Underneath the letter she had left a pile of recipe cards. All the things she had always made. Also in blue ink. So he would know what and how to eat while she was away. Otto sat down at the table and arranged them so no two were overlapping. Columns and rows. He thought about putting on his coat and shoes and going out to try and find her, maybe asking neighbours if they had seen which way she went, but he didn’t. He just sat at the table with the letter and the cards. His hands trembled. He laid one on top of the other to calm them.
After a while Otto stood and went to get their globe. It had a light in the middle, on the inside, that shone through the latitude and longitude lines. He turned it on and turned off the regular kitchen lights. He put it on the far side of the table, away from the letter and cards, and traced a path with his finger. Halifax. If she went east, Etta would have 3,232 kilometres to cross. If west, to Vancouver, 1,201 kilometres. But she would go east, Otto knew. He could feel the tightness in the skin across his chest pulling that way. He noticed his rifle was missing from the front closet. It would still be an hour or so until the sun rose.
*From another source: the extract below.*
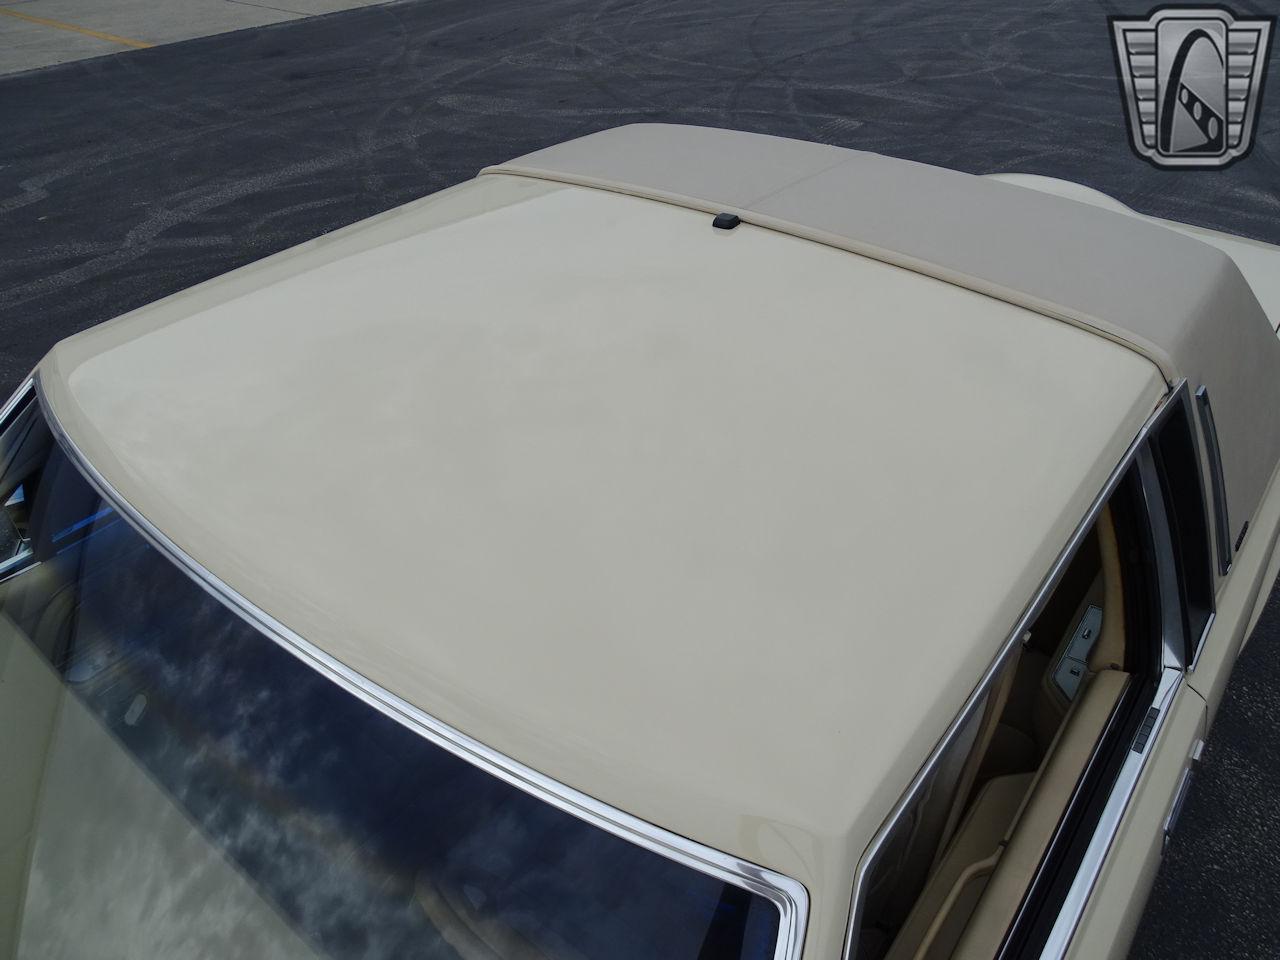 1983 Lincoln Continental 97

Growing up, Otto had fourteen brothers and sisters. Fifteen altogether, including him. This was when the flu came and wouldn’t go, and the soil was even drier than usual, and the banks had all turned inside out and all the farmers’ wives were losing more children than they were keeping. So families were trying and trying, for every five pregnancies, three babies, and for every three babies, one child. Most of the farmers’ wives were pregnant most of the time. The silhouette of a beautiful woman, then, was a silhouette rounded with potential.
Otto’s mother was no different. Beautiful. Always round.
Still, the other farmers and their wives were wary of her. She was cursed, or blessed; supernatural, they said to one another across mailboxes. Because Otto’s mother, Grace, lost none of her children. Not one. Every robust pregnancy running smoothly into a ruddy infant and every infant to a barrel- eared child, lined up between siblings in grey and off-grey nightclothes, some holding babies, some holding hands, leaning into the door to their parents’ room, listening fixedly to the moaning from within.
–
Etta, on the other hand, had only one sister. Alma with the pitch- black hair. They lived in town.
Let’s play nuns, said Etta, once, after school but before dinner.
Why nuns? said Alma. She was braiding Etta’s hair. Etta’s just- normal like a cowpat hair.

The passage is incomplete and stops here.